*Problem details:* A word-for-word copy of the data is what's wanted; pictures stay out of it.

*Raw data:*

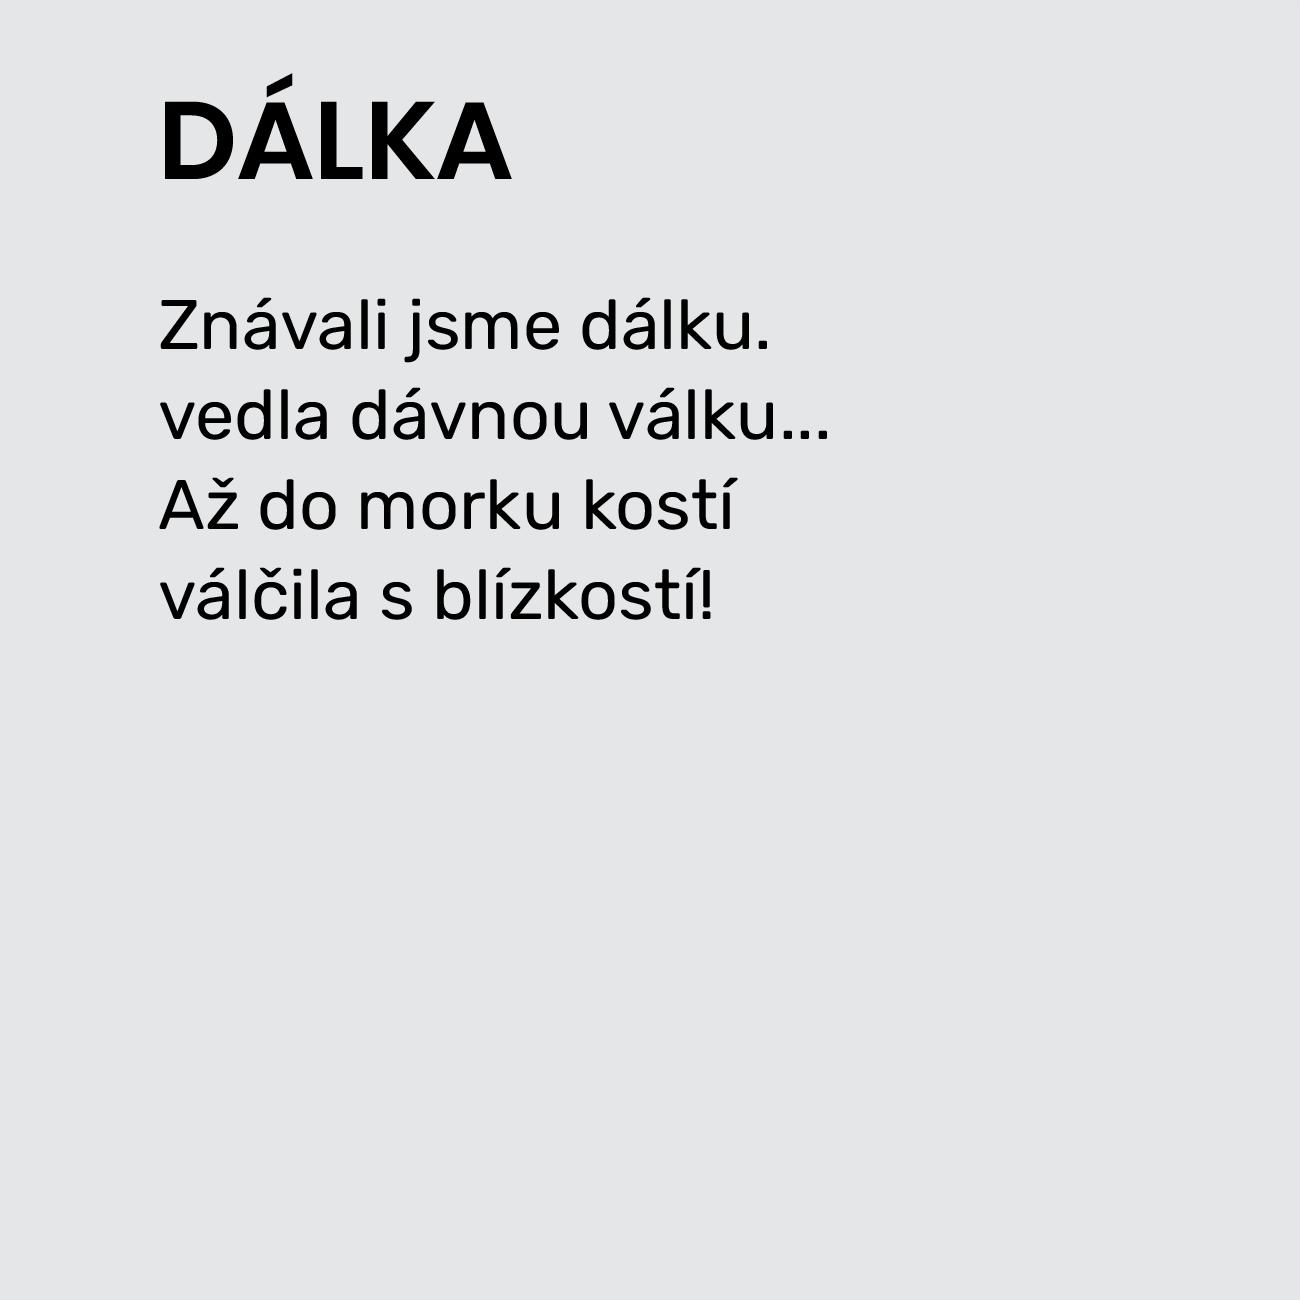 DÁLKA
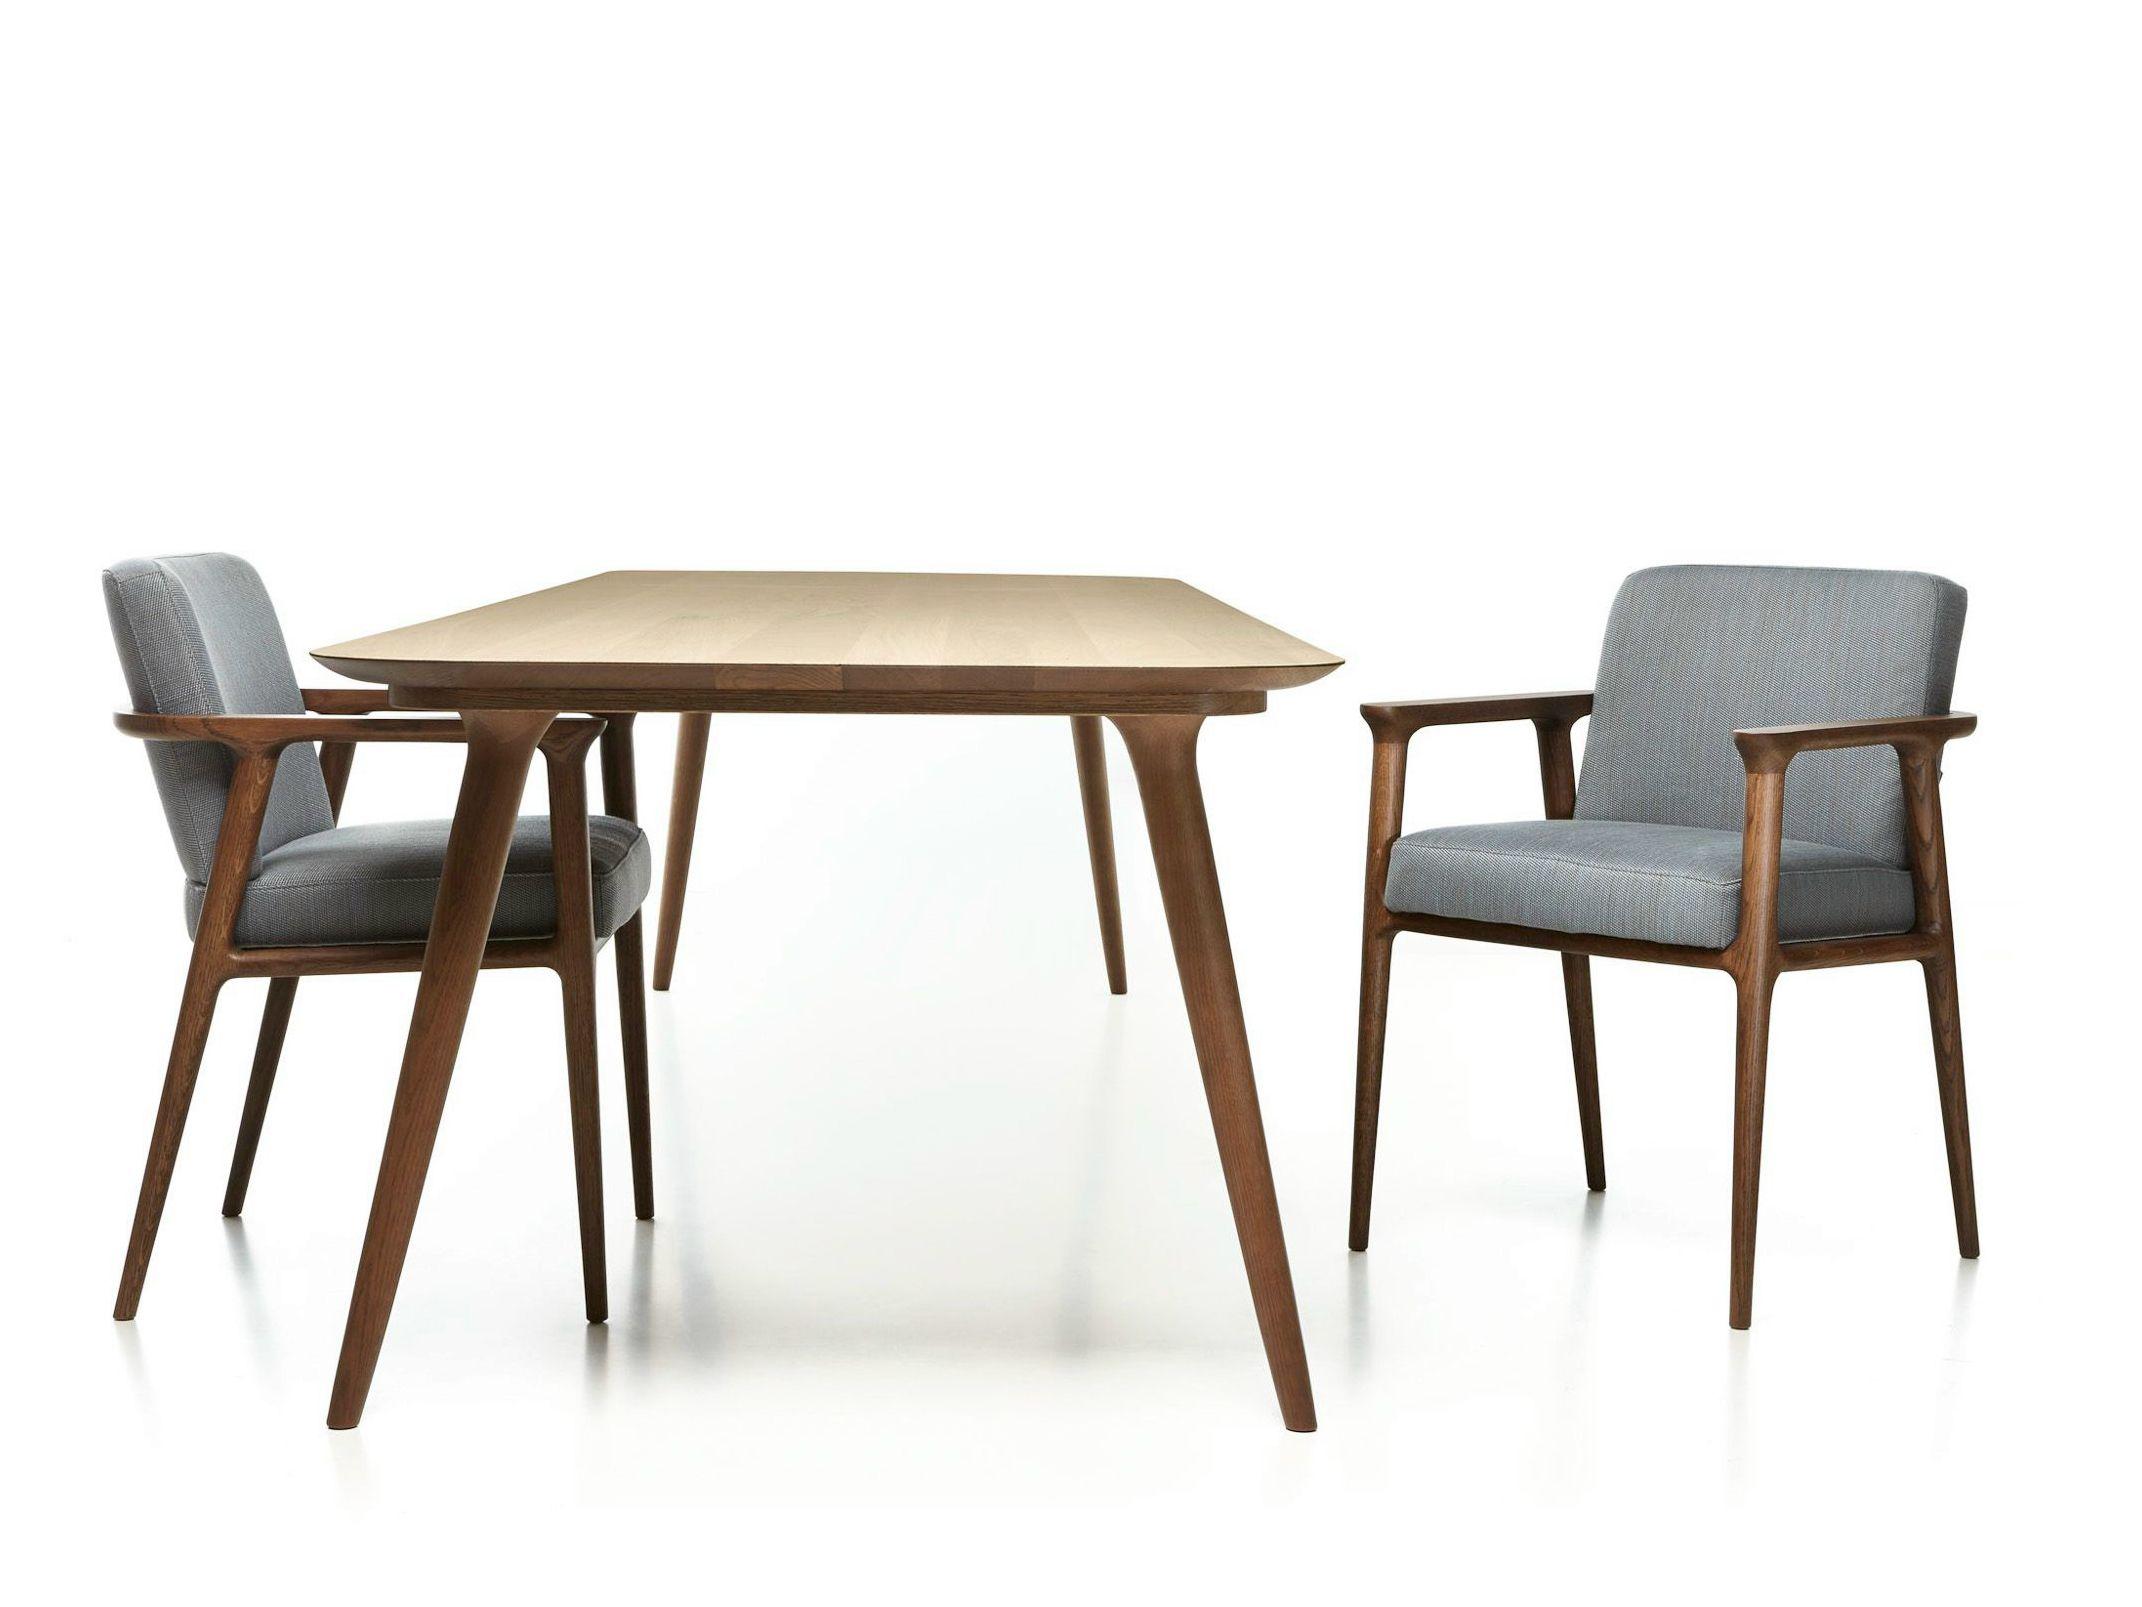 Faszinierend Esstisch Stühle Mit Armlehne Referenz Von Gepolsterter Stuhl Armlehnen Zio Dining Chair By
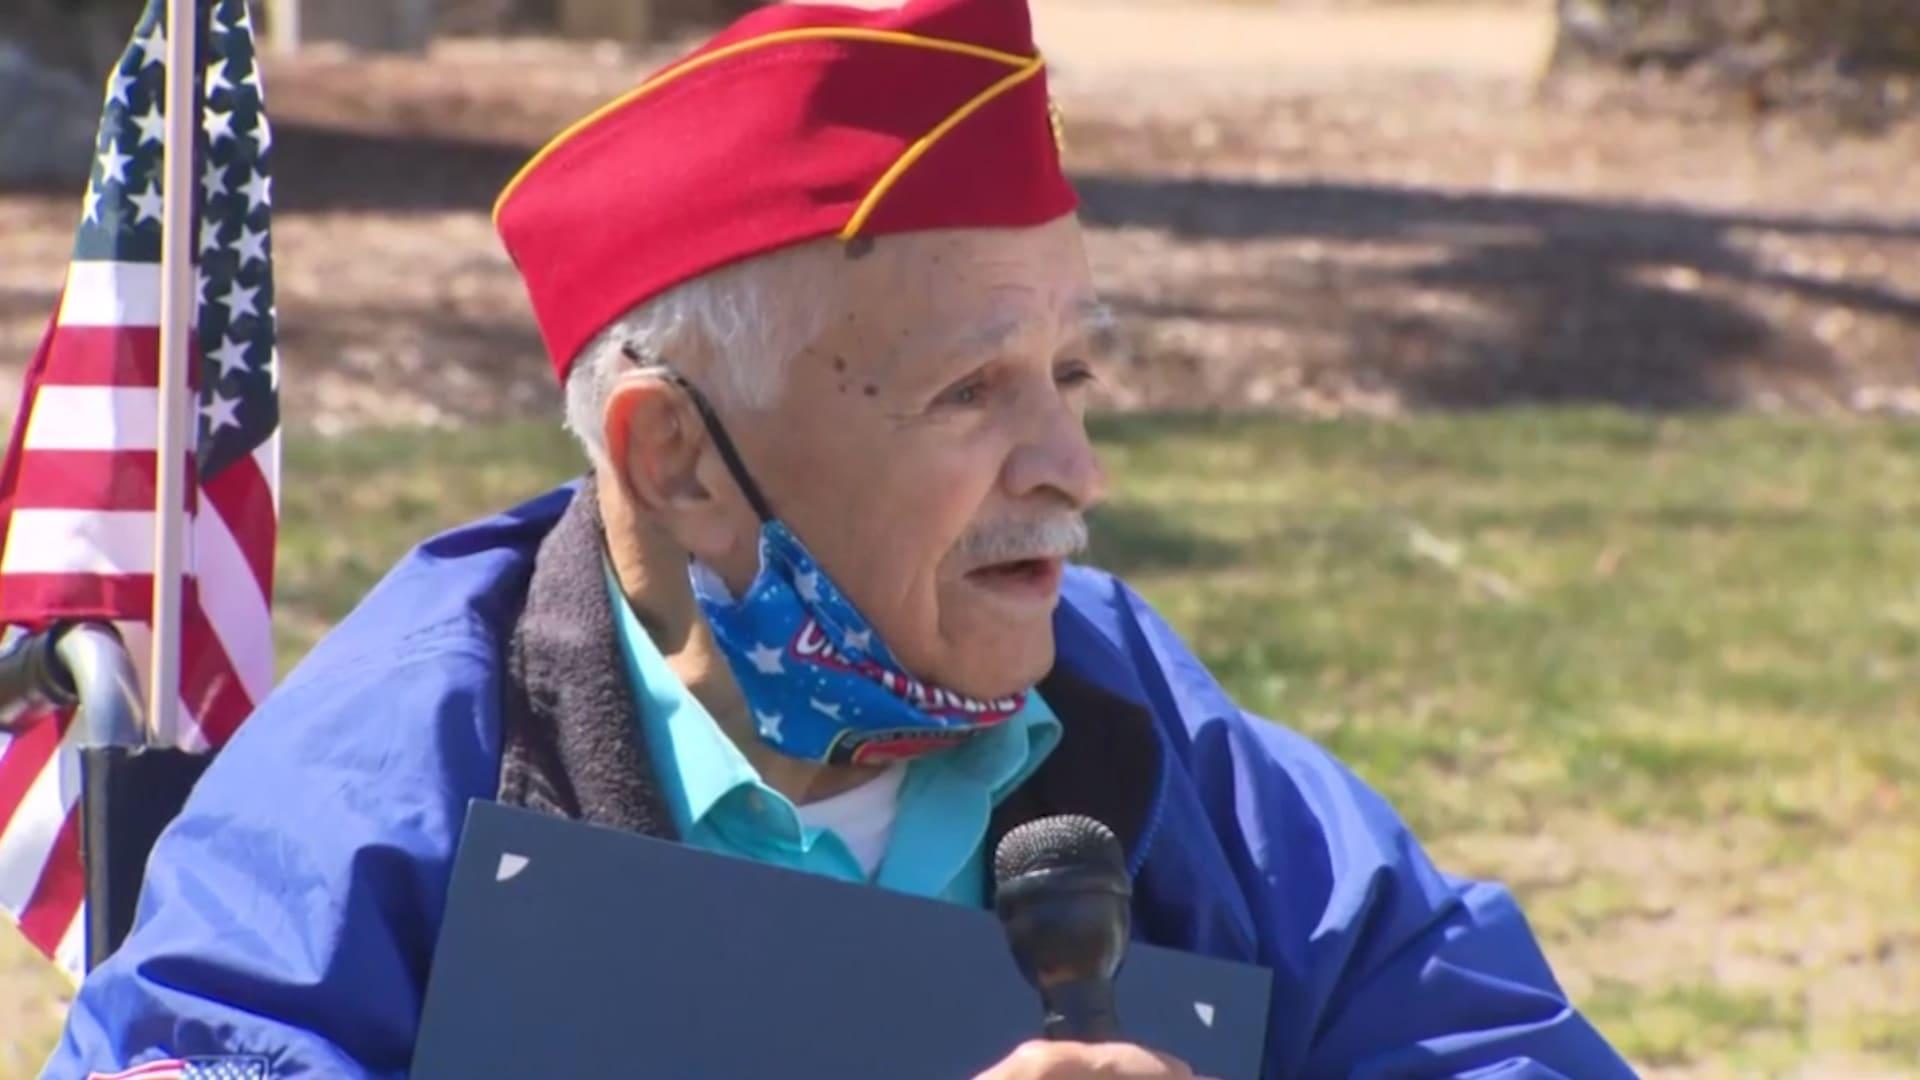 رجل عمره 95 عاما ينسب نجاته من فيروس كورونا إلى أغنية لفرانك سيناترا

*Finished task:*
 DÁLKA
 Faszinierend Esstisch Stühle Mit Armlehne Referenz Von Gepolsterter Stuhl Armlehnen Zio Dining Chair By
 رجل عمره 95 عاما ينسب نجاته من فيروس كورونا إلى أغنية لفرانك سيناترا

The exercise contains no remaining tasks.